There are presently inconsistent data regarding the potential utility of uric acid as a potential prognostic biomarker, as some studies suggest an association between lower serum uric acid and a milder future disease course ^{30, 31, 32}, but others have reported no such association ^{34, 37}.

Independent of its utility as a biomarker, uric acid might represent a therapeutic target. An ALS study, building on a similar study in Parkinson disease ³⁸, is now underway to examine the effect of inosine, a compound that can increase uric acid in the blood and CSF, in people with ALS (NCT02288091). In this trial, plasma uric acid will be used as a pharmacodynamic biomarker, since it is directly related to the mechanism of action of inosine.

p75 Neurotrophin Receptor Extracellular Domain

Neurotrophin receptor p75 (p75NTR) is 1 of 2 receptors for the neurotrophins, a family of growth factors that stimulate neuronal cells to survive and differentiate.
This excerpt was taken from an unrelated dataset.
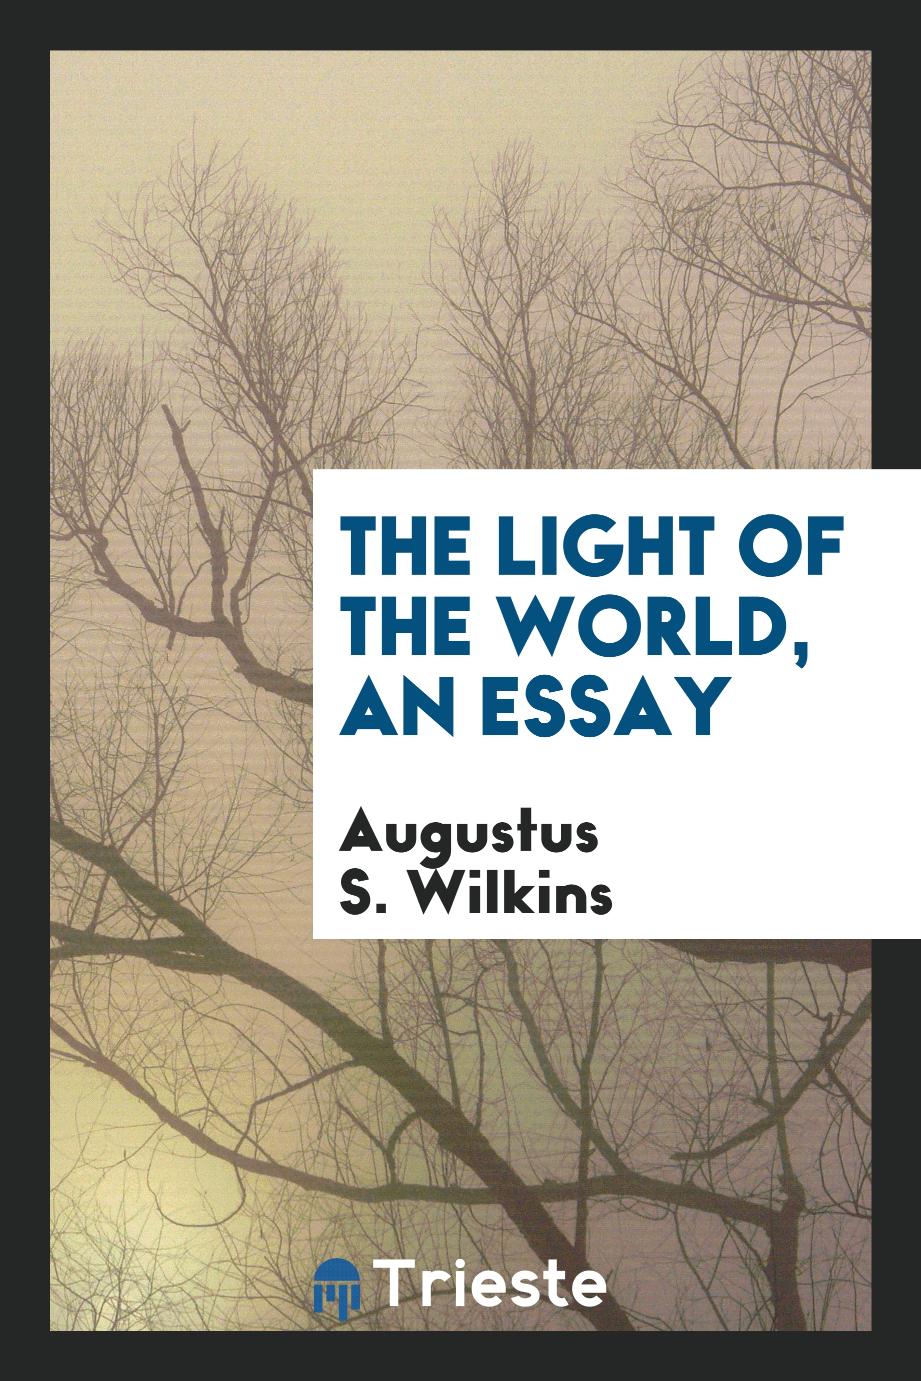 The Light of the world, an essay

In humans (and rodents), expression of p75NTR is high in motor neurons during the embryonic period, but declines after birth. p75NTR, however, is re-expressed following nerve injury, and experiments from the 1980s showed that the urine of adult rats contained increased amounts of the extracellular domain of p75NTR (p75NTR^ECD) following sciatic nerve injury ³⁹. Based on the idea that injured nerves and Schwann cells shed p75NTR^ECD from cell membranes following up-regulation and binding of neurotrophins, it was hypothesized and subsequently demonstrated that p75NTR^ECD is excreted into the urine of SOD1^G93A mice and humans with ALS ³. Subsequent experiments have provided evidence that urinary concentrations of p75NTR^ECD are not only elevated in ALS patients compared to controls in cross-sectional studies, but also that urinary p75NTR^ECD continues to increase as disease progresses⁴⁰. Preliminary data also suggest that urinary p75NTR^ECD does not increase pre-symptomatically in people at genetic risk for ALS, but rather that levels begin to rise around the time disease becomes clinically apparent ⁴⁰. These promising findings, if verified, suggest that urinary p75NTR^ECD has potential as a pharmacodynamic biomarker worthy of further evaluation in the context of a therapeutic trial. These data also suggest that urinary p75NTR^ECD may be a useful biological marker of phenoconversion from the pre-symptomatic to the symptomatic phase of disease.

SOD1 Levels

Several studies have described changes in the expression of SOD1 in tissue and biological fluids, using ELISA for total SOD1 and/or misfolded SOD1. These latter assays reportedly employed conformation-specific antibodies to misfolded SOD1. So far, these results have been conflicting. For example Zetterstrom et al ⁴¹ reported no differences for misfolded SOD1 in familial (with SOD1 mutations) vs. sporadic forms of ALS in CSF. Winer et al ⁴² did not observe any differences in CSF for total SOD1 in ALS vs. neurological controls, but since CSF SOD1 levels were elevated in ALS patients vs. controls and remained stable over time, these authors suggested SOD1 as a potential pharmacodynamic biomarker. There are several strategies in place to improve the performance of the species-specific antibodies either for therapeutic or diagnostic applications, and rigorous analytical validation in different biological fluids will be required to advance the detection of specific misfolded species of SOD1.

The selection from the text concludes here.